Länger ist Ludwig Knorr bei mir geblieben, da er von vornherein sich für die akademische Laufbahn entschied. Er entstammt einer Münchener wohlhabenden Kaufmannsfamilie aus dem bekannten Geschäft von Angelo Sabadini in der Kaufingerstraße und war schon in der Jugend nicht allein durch Klugheit, experimentelle Geschicklichkeit und Redegewandtheit, sondern auch durch besondere persönliche Liebenswürdigkeit ausgezeichnet. Nebenher huldigte er allem möglichen Sport, tanzte vorzüglich und spielte schon während der Münchener Zeit in der dortigen Gesellschaft z. B. auch im Hause Baeyers eine bedeutende Rolle. Unter anderem gelang es ihm trotz seiner Jugend und seiner noch unfertigen Laufbahn, das hübsche, viel umworbene Fräulein Elisabeth Piloty, Tochter des großen Historienmalers in München zu gewinnen. Diese wurde schon im Frühjahr 1884 seine Gattin. Das Ehepaar ist dann später mit mir nach Würzburg übergesiedelt, und da ich von ihnen bis heute viel herzliche Freundschaft erfahren habe, so werde ich später auf sie zurückkommen.
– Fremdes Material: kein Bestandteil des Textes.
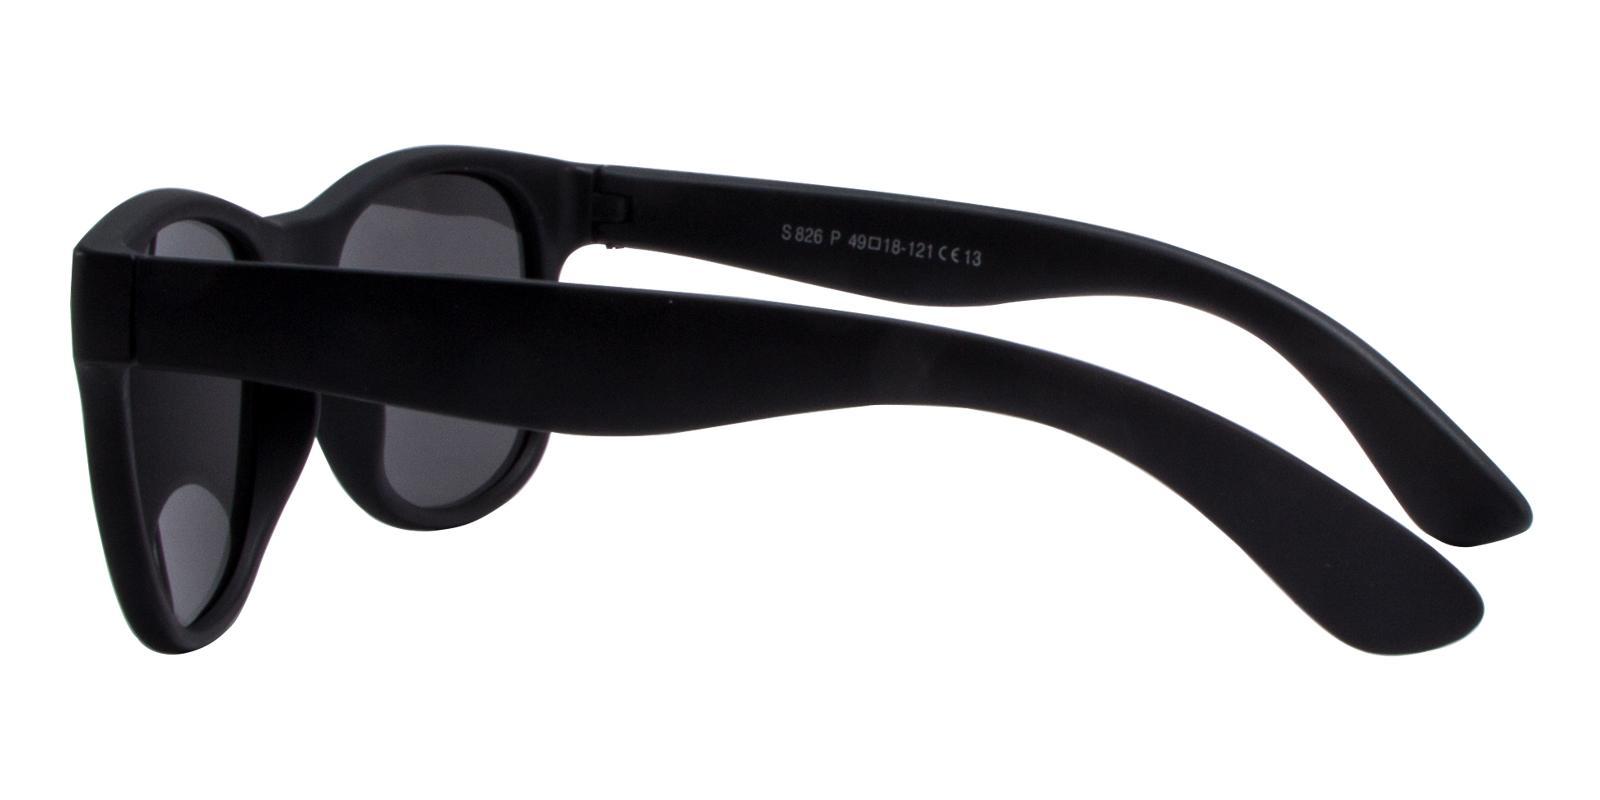 Obsid Black TR Sunglasses , UniversalBridgeFit Frames from ABBE Glasses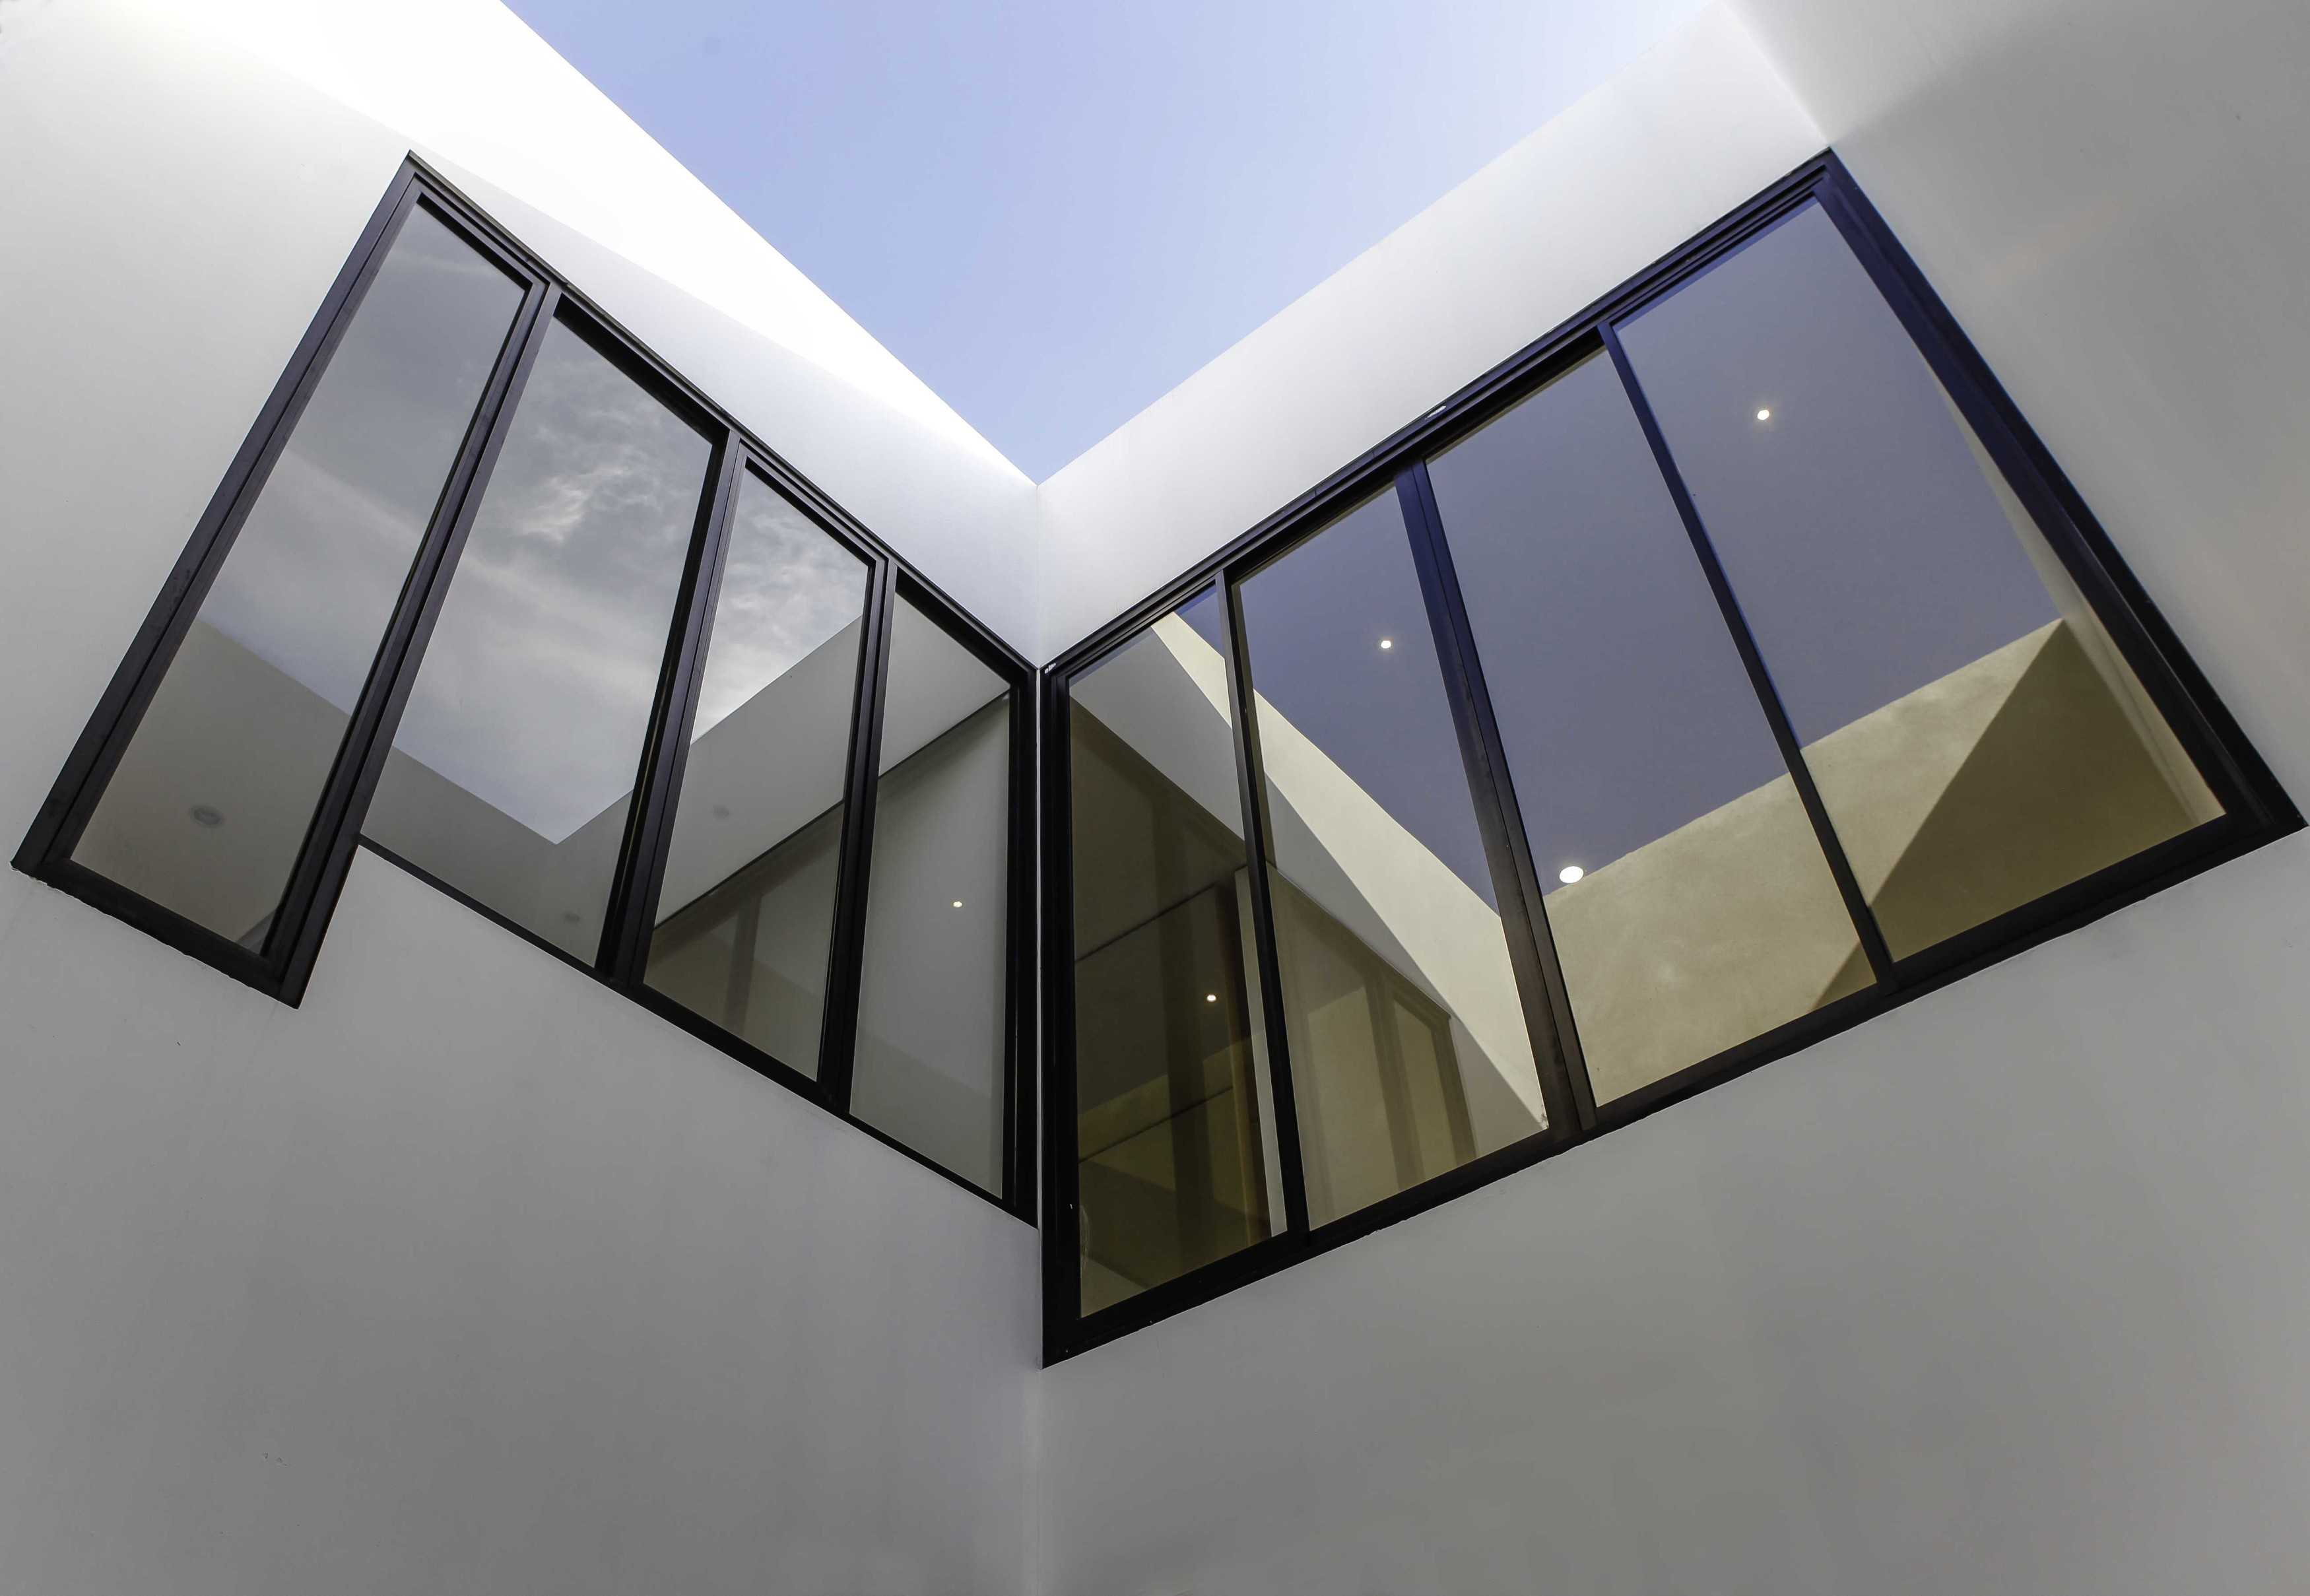 Design Intervention Ta House Jakarta, Daerah Khusus Ibukota Jakarta, Indonesia Jakarta, Daerah Khusus Ibukota Jakarta, Indonesia Design-Intervention-Ta-House   71093

In Erlangen trafen wir im Laboratorium den Privatdozenten der Chemie Dr. Vongerichten, einen geborenen Pfälzer, der vorher eine Zeitlang im Baeyer'schen Laboratorium gearbeitet hatte und mir deshalb gut bekannt war. Es hat mich gefreut, ihm einen Platz in dem hübsch eingerichteten Privatlaboratorium überlassen zu können, wo er seine wichtigen Versuche über die Verwandlung des Morphins in Phenanthren ausführte und damit für die Chemie des Alkaloids eine neue Periode eröffnete. Auch zu ihm bin ich in ein recht freundschaftliches Verhältnis getreten. Aber nach etwa drei Semestern verließ er die Universität und trat gleichfalls in die chemische Fabrik von Meister Lucius & Brüning in Höchst a. M. ein, wo er zunächst im wissenschaftlichen Laboratorium Verwendung fand. Seine Anstellung hat sich für die Fabrik sehr gelohnt, denn sie ist dadurch indirekt in den Besitz des Antipyrinpatentes gelangt.

Studierende aus der früheren Zeit waren sehr wenig im Institut vorhanden, da Volhard, dem man allzu große Strenge in den Examinas nachsagte, nicht anziehend gewirkt hatte.

Die Abhaltung der großen Experimentalvorlesungen hat mir zuerst ziemlich viel Mühe gemacht; denn die zahlreichen Versuche, die dabei unentbehrlich sind, erfordern sehr genaue Vorübung, sowohl für den Professor wie für den Assistenten, und obschon das gute Buch von K. Heumann über Vorlesungsexperimente schon existierte, so habe ich es doch für nötig gehalten, noch ein besonderes derartiges Buch für meine Vorlesungen mit allen Einzelheiten anzulegen. Das ist dann mitgezogen nach Würzburg und Berlin und selbstverständlich im Laufe der Zeit immer reichhaltiger geworden. Auch im Laboratorium lag der ganze Unterricht auf meinen Schultern, da mir nur junge und wenig geübte Assistenten zur Verfügung standen. Dazu kamen noch die Prüfungen und die Fakultätsgeschäfte und außerdem selbstverständlich die eigenen Untersuchungen.